MR: Chris would have been proud.
MS: Well, the truth is, we all stole those kind of licks from Duane Eddy.
MR: Now you love Jimmie Rogers…
MS: Well, Jimmie Rogers, the father of Country Music is from Meridian, Mississippi. I was from Philadelphia, Missouri, thirty-five miles apart. I grew up thinking I was supposed to like him and I liked him because I was supposed to. In the early ’90s, the Bear Family over in Germany, a record company, came out with a Jimmie Rodgers box set that included every song he’d ever recorded. On a flight to Europe and back, I thought, “I’m going to have a reckonin’ with this guy and listen to every song Jimmie Rodger ever recorded and see if Merle Haggard’s been telling me the truth and Johnny Cash and everybody else that he’s the Father of Country Music and he started it all. I’m going to see what my opinion of Jimmie Rodgers is,” and I went through the entire catalog.
When I was on the other side of it, I understood, and I believe he is the Father of Country Music. Part of that is because he was the first one there. But the deepest part of the story to me is the songs. His subject matter is what country music is known for today. It is the empire upon which country music is built. As Merle Haggard said two weeks ago when we were talking, his songs are still the best. If you stay with the blueprint of country music and pretty much what Jimmie Rodgers set down — rambling, gambling, hobo, love, loss, redemption, all those things we’re kind of known for, tragedy, dance songs, whatever, honky-tonk songs — that was Jimmie Rodgers. If you still abide by that template, the blueprint for the 21st century with that in mind, with that subject matter in mind, if you pick up the newspaper this morning, or if you watch the news tonight, you’ll see the very same subjects apply today. They are timeless subjects. They’re simply a reflective of the human condition. That, to me, is what Jimmie Rodgers did and he just happened to have the body and the style of a star, so that’s where we have Jimmie Rodgers and I salute him.
MR: You’re absolutely right about Jimmie Rodgers. You’re also doing some work with the Country Music Heritage Trail?
MS: Yeah. The first trail that was initiated throughout the state of Mississippi was The Blues Trail, 130 stops so far. Then, I went to the Governor and asked if we could have The Country Trail next. So stop number one is at Jimmie Rodgers grave and stop number two is my hometown and we’re up to thirty or forty stops now with plenty in site.
MR: You’re from Meridian, Mississippi, so are you pals with Steve Forbert?
MS: I am. I haven’t seen him in years. But on my first Columbia record that I made as a solo artist, I cut a Steve Forbert song. Steve and his wife Jill, and their kids are named Sam and Dave, so they’re cool people.
MR: They really are cool people. I wanted to ask you about show for AmeriEquine.

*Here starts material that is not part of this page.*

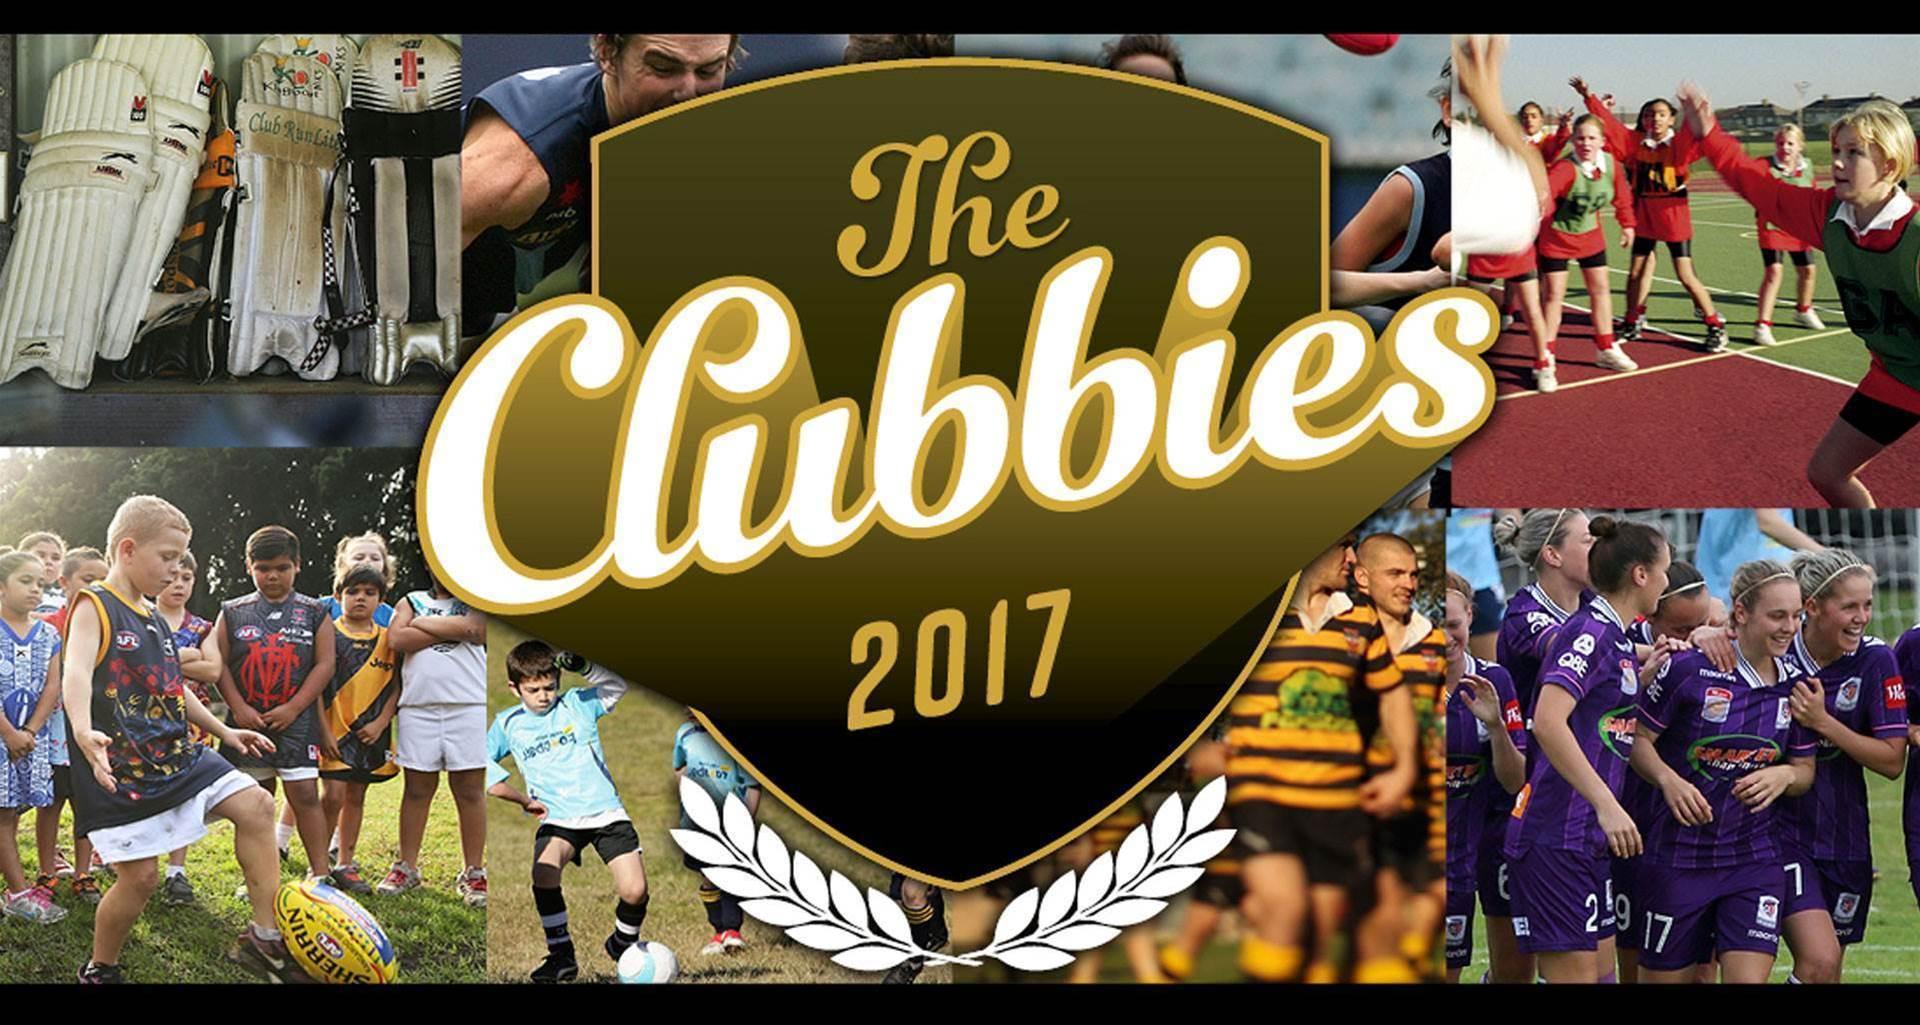 Clubbies winners announcement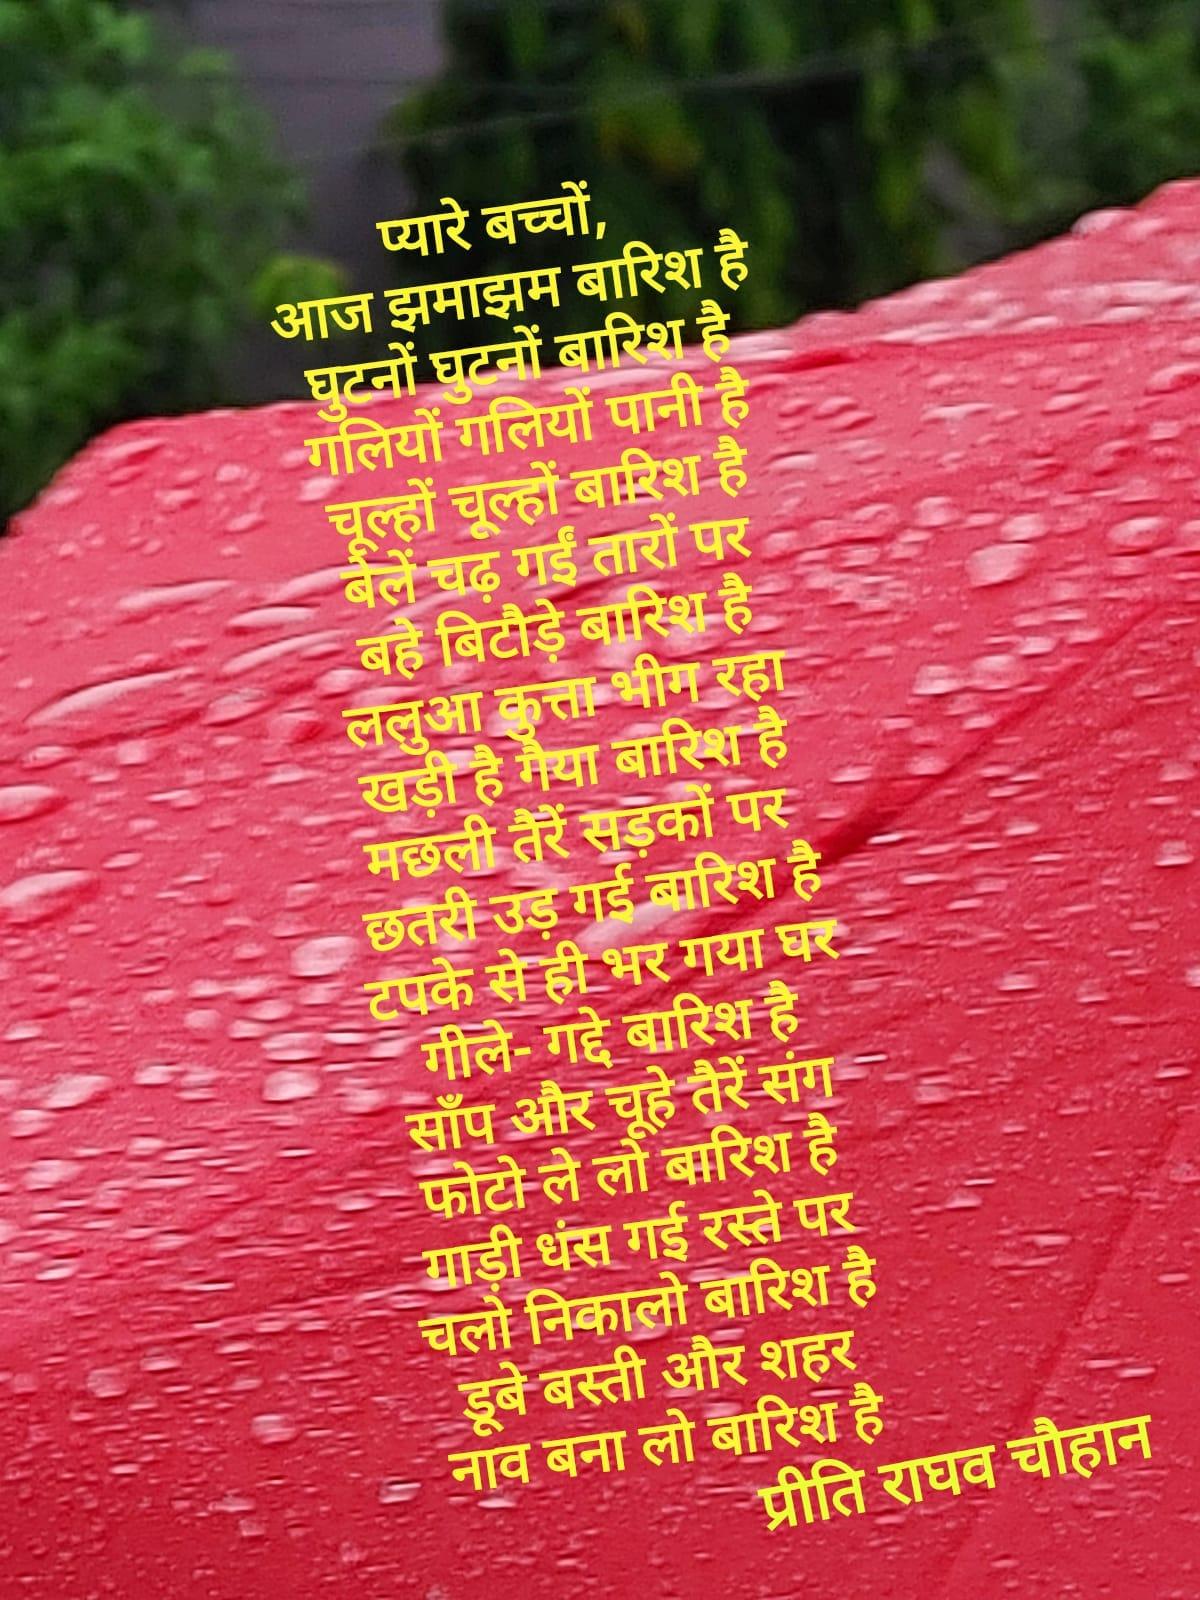 Photo by PritiRaghavChauhan

MS: I think that’s the first of June. We’re just starting to hit the touring trail seriously. As soon as we hang up, I have about eight more television shows to edit, and today is one of those shows, so we get that out the door. The new record is coming out.
MR: What is your advice for new artists?
MS: My advice to new artists is to follow your heart at any cost. We have enough people in the world trying to be somebody else or thinking if they play like somebody else, it’ll get ’em there. It’s a scary thing to follow your heart at any cost. It can be very lonely and very quiet sometimes. But at the end of the day when it happens, it’ll be yours. So I say, do it your way.
MR: Your new album is titled Nashville, Volume 1, so when is Volume 2 coming?.
MS: Oh, I don’t know. We just got this one smoking. There’s plenty more songs.
MR: All the best with everything, especially the new album, and thanks very much for your time.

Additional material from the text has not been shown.